California will require all state employees and healthcare workers to be vaccinated or be subject to weekly COVID testing and mask requirements in order to remain in the workplace. All employees of the City of New York will also be similarly required to be vaccinated or be subject to weekly testing. The mayor of New York City asked that all businesses in the City think about mandating vaccines for their employees. The Department of Veterans Affairs also issued a vaccine mandate for all of its healthcare workers. On July 31, President Biden announced federal workers would be required to sign forms attesting they’ve been vaccinated against the coronavirus or else comply with new rules on mandatory masking, weekly testing, distancing and more.

At this point, it seems that a challenge to a vaccine mandate based on the vaccine’s EUA status is unlikely to be successful. It could also be that these arguments become moot should the vaccines receive full FDA approval in the near future. However, some states have barred “vaccine passports,” so businesses should continue to monitor laws, guidance and cases related to these issues and update their policies to ensure the measures taken are appropriate in the jurisdiction in which they operate.

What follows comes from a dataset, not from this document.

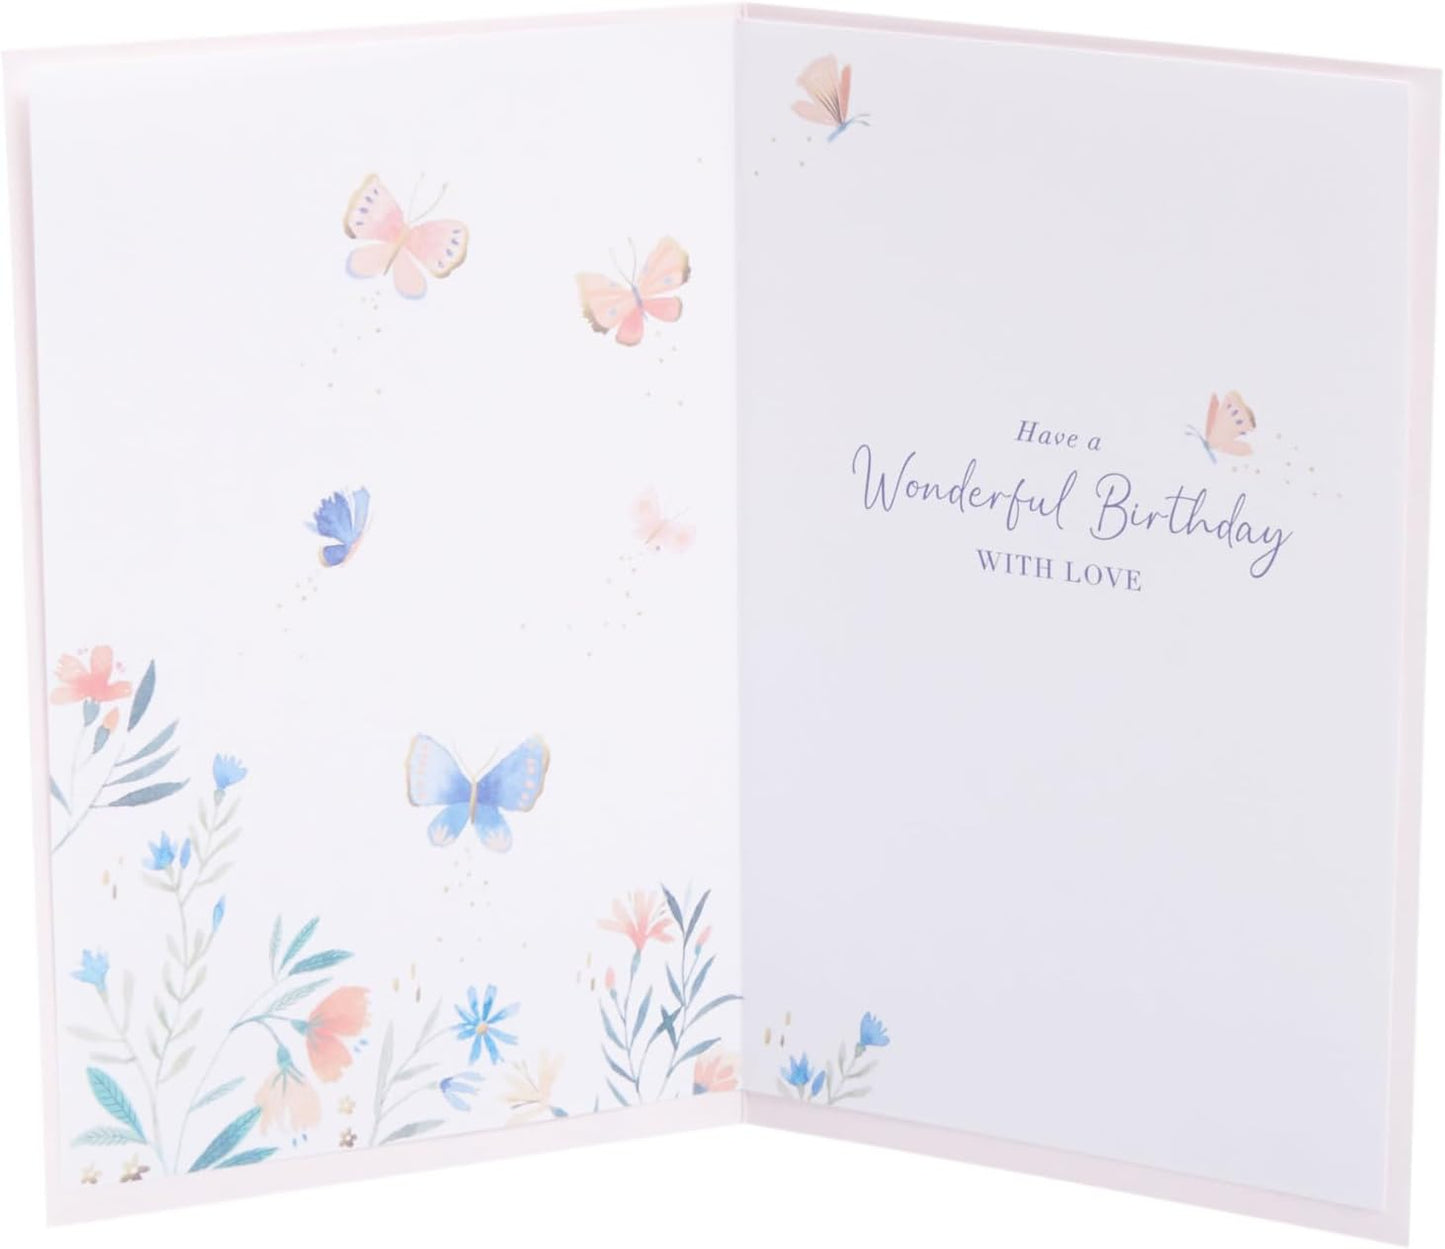 Floral Design with Sentimental Verse Friend Birthday Card
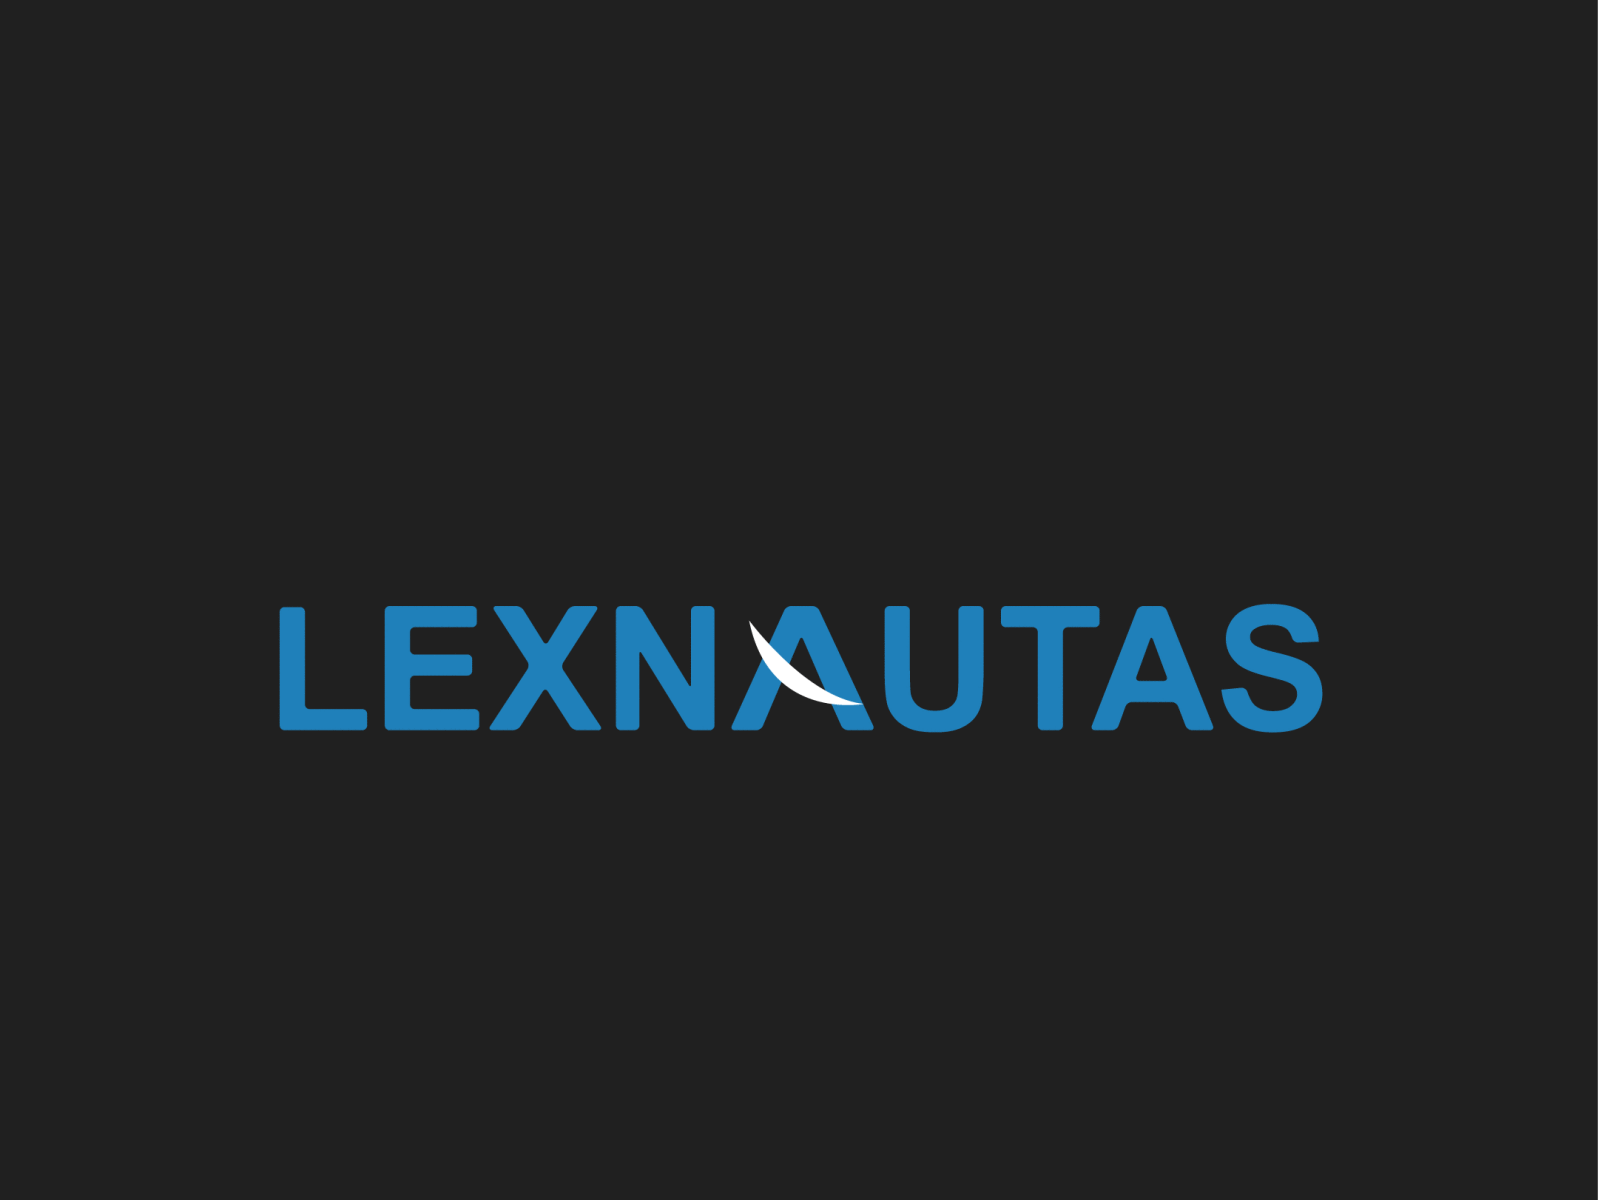 Lexnautas design logo

Consumers Allegedly Deceived by Sugar Claims

A class-action lawsuit – filed on behalf of consumers in California, New York and nationwide –alleges that Campbell Soup Company and Pepperidge Farm, Inc.’s Goldfish-brand snack products (the “Goldfish Products”) are misleadingly labeled.  Plaintiffs allege that the Goldfish products do not comply with 21 C.F.R. § 101.60 (“Nutrient content claims for the calorie content of foods”) because they claim “0g Sugars” or “0g Total Sugars” (i.e, sugar free claims) without disclosing that they are “not a low calorie food,” “not a reduced calorie food” or “not for weight control.” Plaintiffs further allege that the sugar free claims misled consumers into thinking they were purchasing low calorie foods and gave defendants a competitive advantage over similarly-positioned products in the market. 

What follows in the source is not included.